Now we have shown $\phi$ exists, we need its higher derivatives at $0$. $f(x,\phi(x))$ describes a contour (it is always $0$ by construction), so its derivative w.r.t $x$ should be everywhere $0$.
$$\begin{align}0&=D_xf(x,\phi(x))\\&=D_x[x^3-\phi^3(x)-3x\cdot\phi(x)+1]\\&=3x^2-3\phi^2(x)\cdot\phi'(x)-3\cdot\phi(x)-3x\cdot\phi'(x)\\\implies \tag{1}x^2&=\phi^2(x)\cdot\phi'(x)+\phi(x)+x\cdot\phi'(x)\end{align}$$
Evaluating at $x=0$, remembering that $\phi(0)=1$ by construction, we have $\phi'(0)=-1$. We can take higher derivatives of $(1)$ as $\phi$ is smooth:
$$2\cdot\phi(x)\cdot(\phi'(x))^2+\phi^2(x)\cdot\phi''(x)+2\phi'(x)+x\cdot\phi''(x)=2x$$
Which at $x=0$ gives: $2\cdot(-1)^2+1\cdot\phi''(0)+2(-1)=0$ and thus $\phi''(0)=0$.
Taking third derivatives of $(1)$ gives: $$2(\phi'(x))^3+4\phi(x)\phi'(x)\phi''(x)+2\phi(x)\phi'(x)\phi''(x)+\phi^2(x)\phi'''(x)+3\phi''(x)+x\phi'''(x)=2$$
Ugly, but at $x=0$, and using previous results, one has:
$$2(-1)^3+0+0+1\cdot\phi'''(0)+0+0=2\\\therefore\phi'''(0)=4$$
So the Taylor expansion of $\phi$ near $0$ is:
$$\phi(x)\approx 1-x+\frac{2}{3}x^3$$
Which a quick sketch on Desmos can confirm!
Not necessary for the question, but it is interesting to keep going as the third-order expansion is really not very accurate...
Taking fourth derivatives of $(1)$ (I evaluate at $x=0$, so all $\phi''(x)$ terms will be deleted for convenience) gives:
$$6\phi(x)\phi'(x)\phi'''(x)+2\phi(x)\phi'(x)\phi'''(x)+\phi^2(x)\phi''''(x)+3\phi'''(x)+\phi'''(x)=0,x=0\\\therefore-24-8+\phi''''(0)+16=0$$
So one has $\phi''''(0)=16$. The approximation:
$$\phi(x)\approx1-x+\frac{2}{3}x^3+\frac{2}{3}x^4$$
Is much more accurate, and is nice to look at.
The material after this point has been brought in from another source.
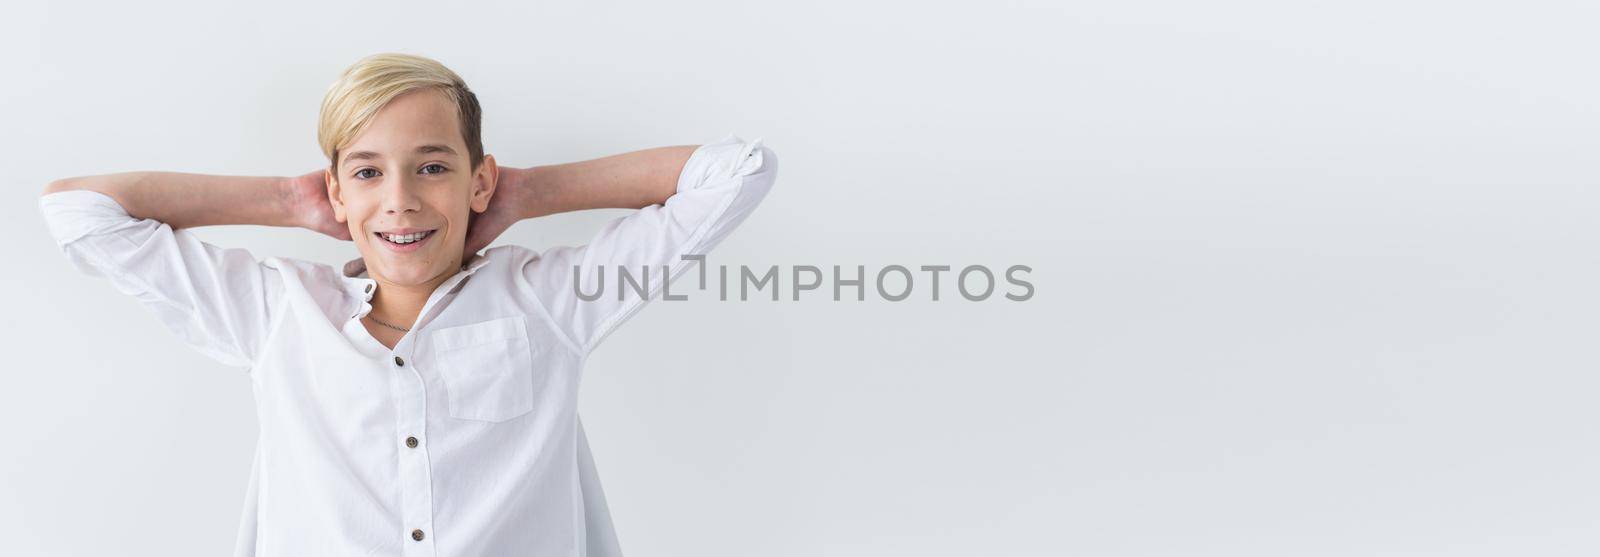 Teen boy happy and smiling with braces on teeth - ortodont dentistry and dental health on white background with copy space banner and place for advertising by Satura86
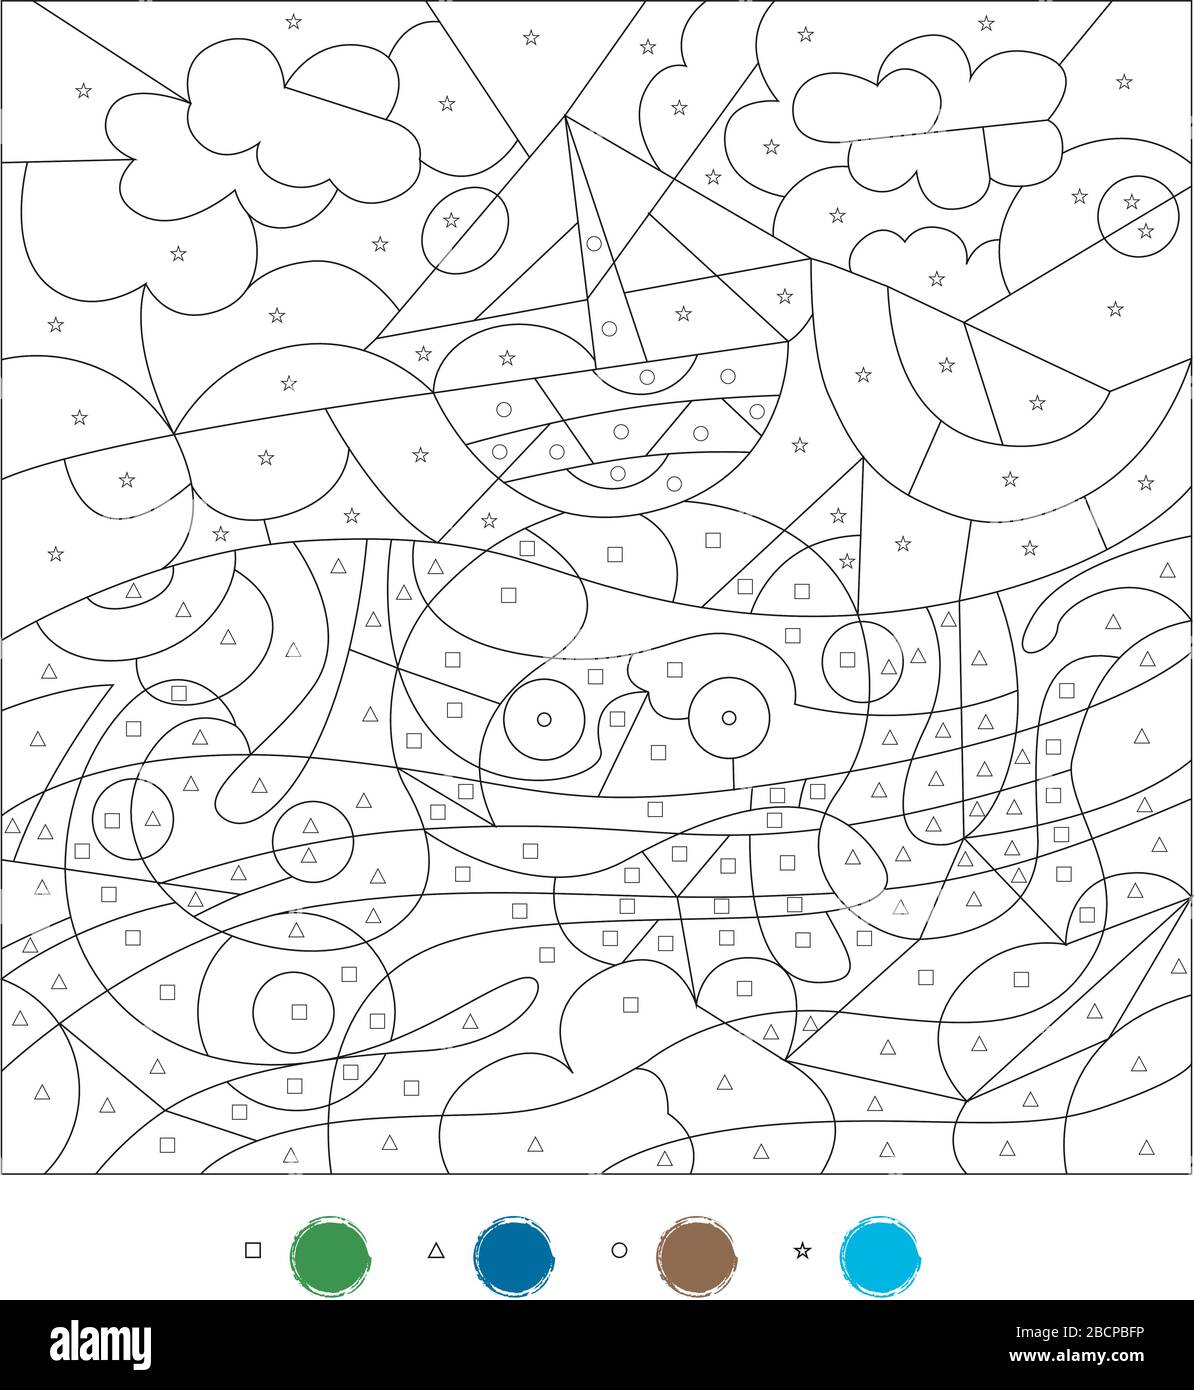 Coloring by symbols. Educational game for children. Octopus and ship. Stock Vector

Hope this helped - there's a lot of fiddly product and chain rule business here, I can elaborate on any confusing steps.
EDIT:
During lesson time, out of a lack of things to do, I pressed on - it was mindlessly tedious, but the following 10th order approximation I have visually shown (I rigorously showed it of course, but with so many product derivative terms it is possible some of these numbers are slightly out) to be far superior to the 4th order one:
$$\phi(x)\approx1-x+\frac{2}{3}x^3+\frac{2}{3}x^4-\frac{10}{9}x^6-\frac{14}{9}x^7+\frac{274}{81}x^9+\frac{3118}{567}x^{10}$$
Which is accurate for $|x|\lt0.4$, and extremely accurate as you get closer to $0$.